As for Peter, Fifth Avenue is a bountiful Land, ripe for picking. Horse seems to know which mansions are empty and, in one case, refuses to budge at the end of a profitable day. So Peter breaks into 53 Fifth Avenue which, unfortunately, has one occupant. She is a flame-haired beauty, Beverly Penn (Jessica Brown Findlay) whose father Isaac (William Hurt) is the powerful managing Editor of the New York Sun newspaper. It is a doomed Love At First Sight, for she has pulmonary tubuclerosis, a disease which eats its way out of the body (and so its more common name, Consumption).
So begins an hour of sappy love story; Think of it this way: The story of a Man who so Loved a Woman that, when she is taken from him by disease; far too young and far too beautiful for him to bear... that the Man refuses to let his body age or die, until the time comes that his One and Only True Love can be reincarnated. Only then can they be Reunited as One! Forever and Ever, with a passion so brilliant that it flames like Stars in the Heavens!
Here the men mutter under their breath "Oh God just shoot me now." They will then pay for the tickets at the box office so that their dates can coo "How Romantic!" and later snuggle inside the theater.
We will leave out most all of the rest of the film, adapted by writer/ first time director Akiva Goldsman from what must have been a door-stopper of a novel by Mark Helprin. The first part of the story is not difficult to watch and some minor special effects work kept us wondering "what the devil is supposed to be going on here?" which, it turns out, isn't far from the point.
It is a wee mathematical error that brings the house down as, 98 years after Beverly's death, an amnesiac man wanders the streets of New York City, making chalk drawings of a flame-haired girl on the pavement of the city. The New York Sun is now in the hands of Beverly's youngest sister Willa (in 1916 played by Mckayla Twigg and as a spry 106-year old by the great Eva Marie Saint) but the focus of the story is now on reporter Virginia Gamely (Jennifer Connelly) and her daughter Abby (Ripley Sobo).. And that amnesiac guy, whose plight has fallen on Virginia's sympathetic ears.
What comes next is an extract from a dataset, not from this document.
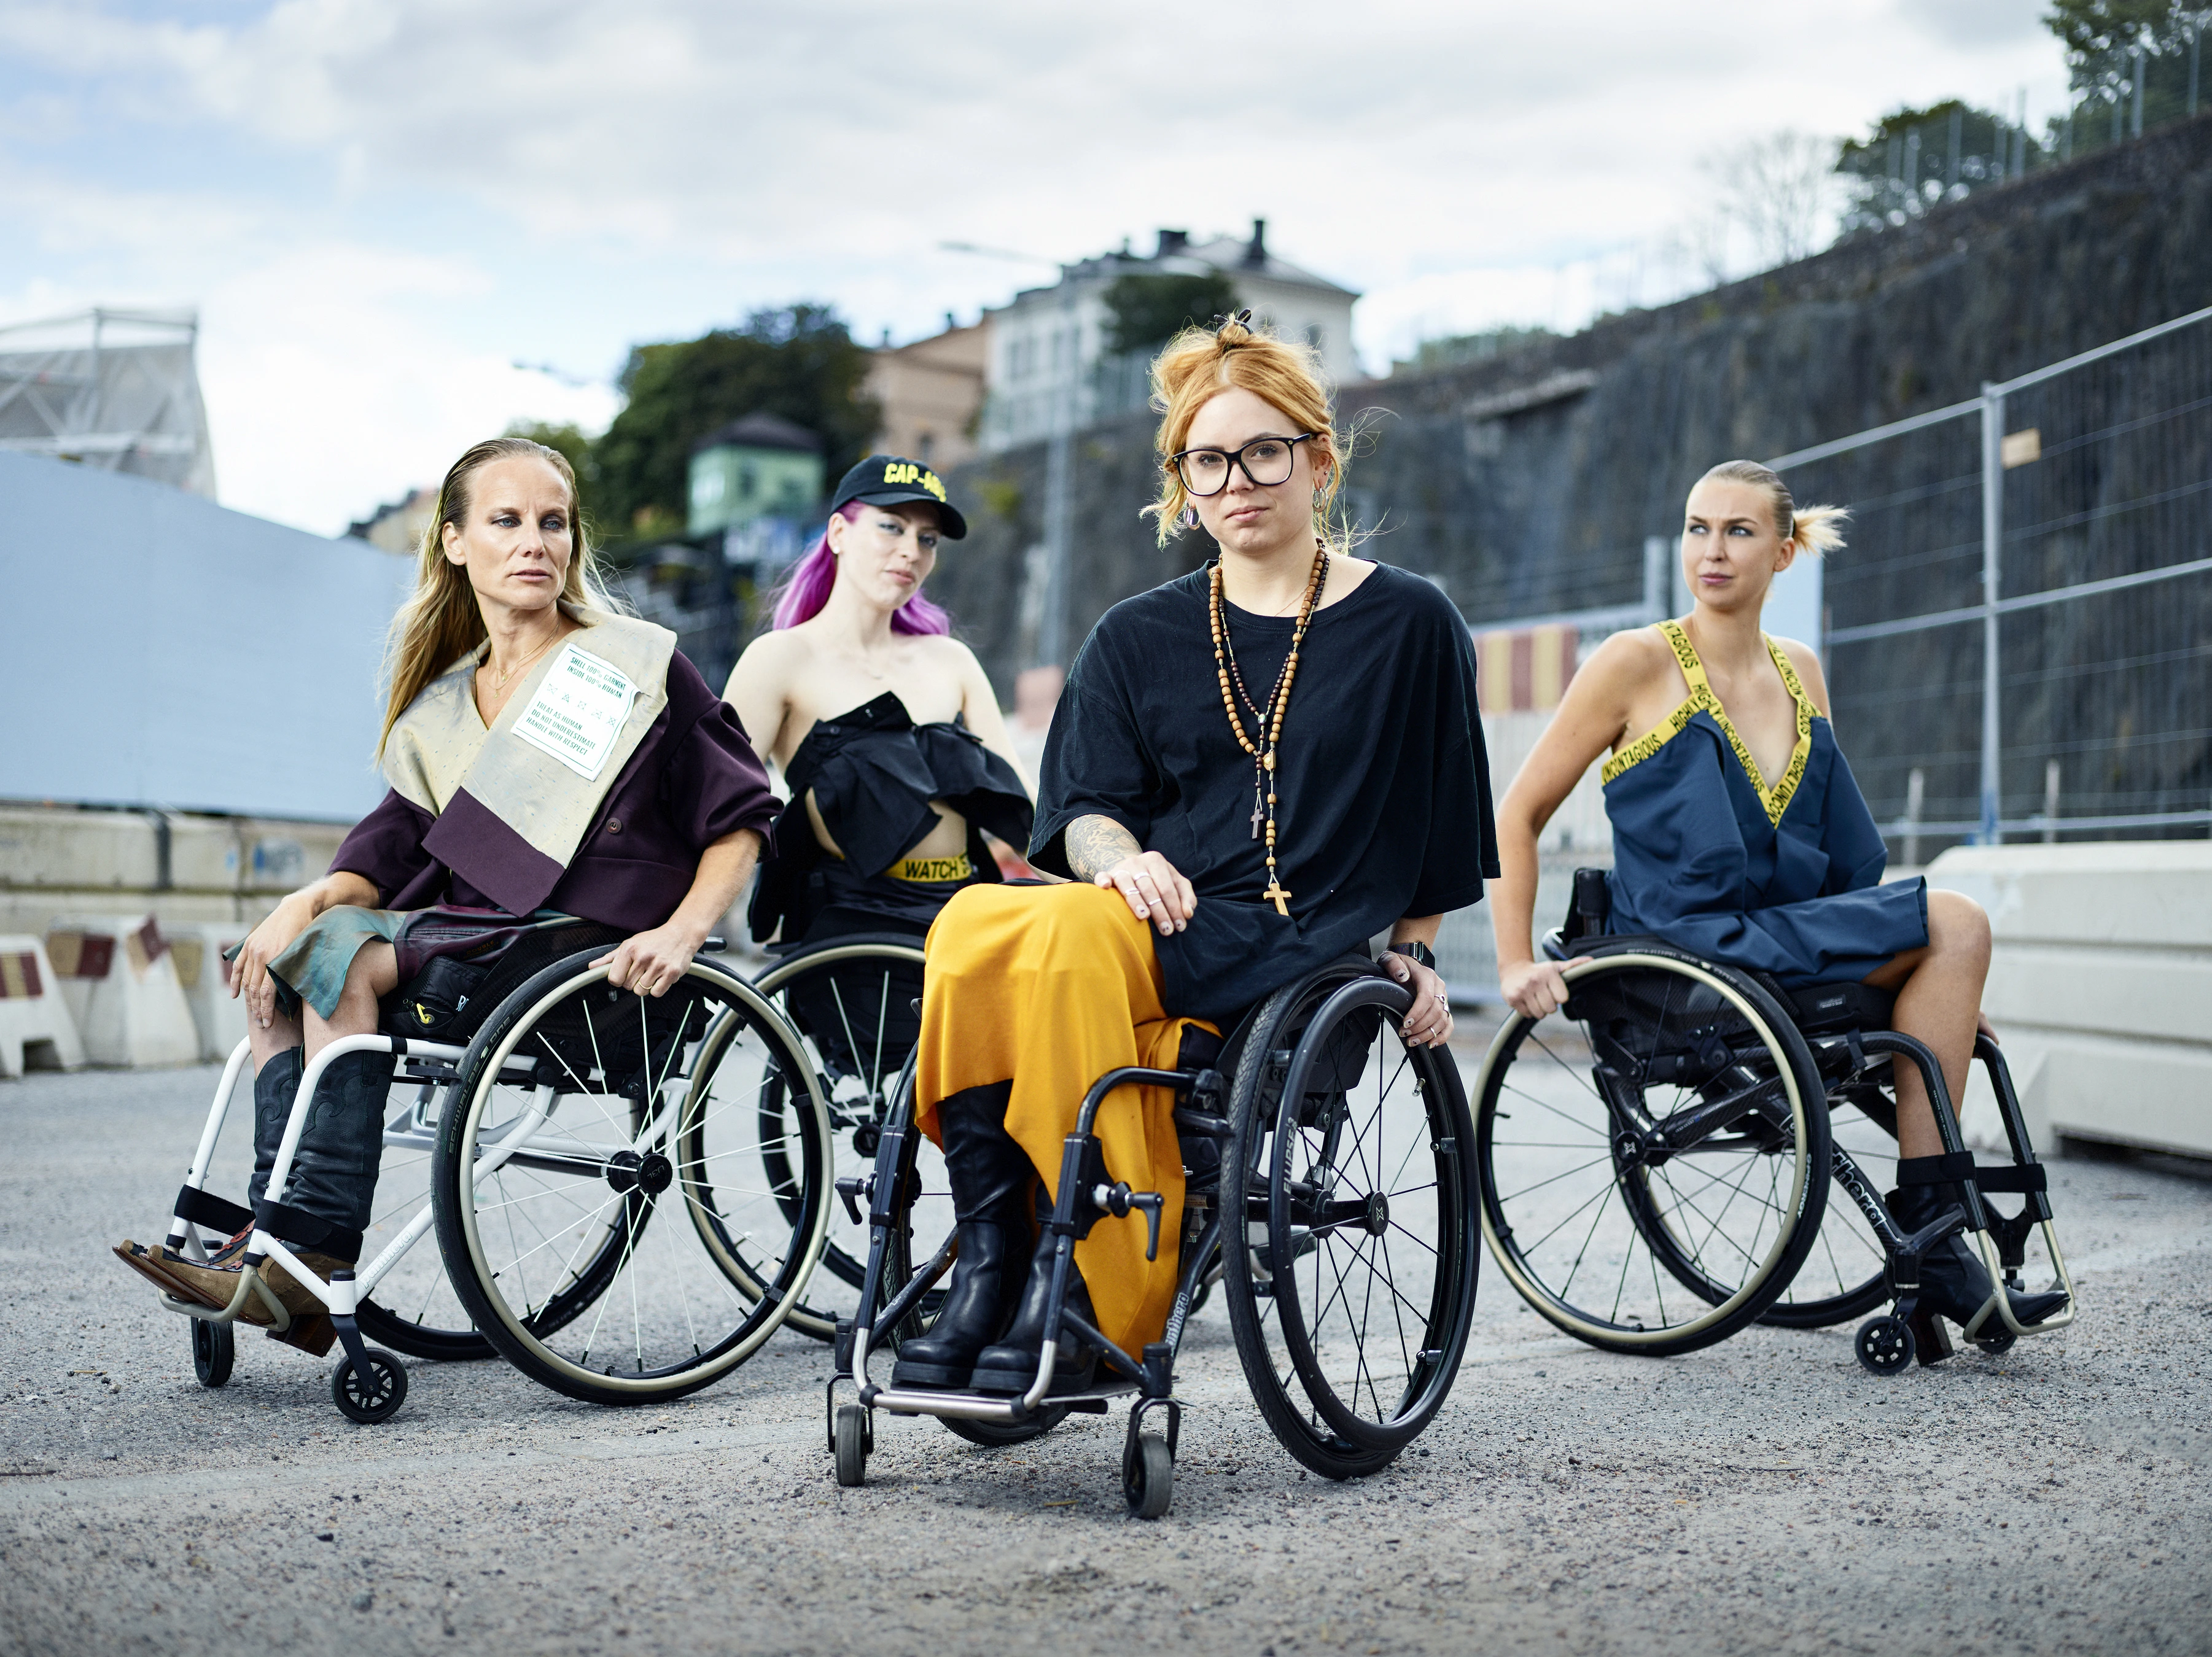 Stockholm Fashion Week: “Who Chairs? – Don’t worry I’ll bring a ramp” photo of four models in wheelchairs

Who looks remarkably like the picture of man found in a 1916 story in the archives of The Sun.
If we told you any more you would roll your eyes back in your heads and wish for "Judge" Lucifer/ Lu for a quick end to it all.
The great list of stars, most of whom have worked on earlier blockbusters written by Goldsman, are what will bring couples into the movie theater. If the film had failed simply because, like Love Story, it works for one gender and not the other, we'd have granted a Five Dollar rating as a lesser dateflick. But the women sitting behind yours Cranky were muttering out loud what we were thinking as we watched Winter's Tale, "This is ridiculous."
On average, a first run movie ticket will run you Ten Bucks. Were Cranky able to set his own price to Winter's Tale, he would have paid . . .
Cranky now sheds his liberal skin and admits that a movie like Winter's Tale, is the best argument for why we shouldn't mess with the Second Amendment to our Constitution. Without the Right to Bear Arms, how would we blow our brains out after suffering through this thing?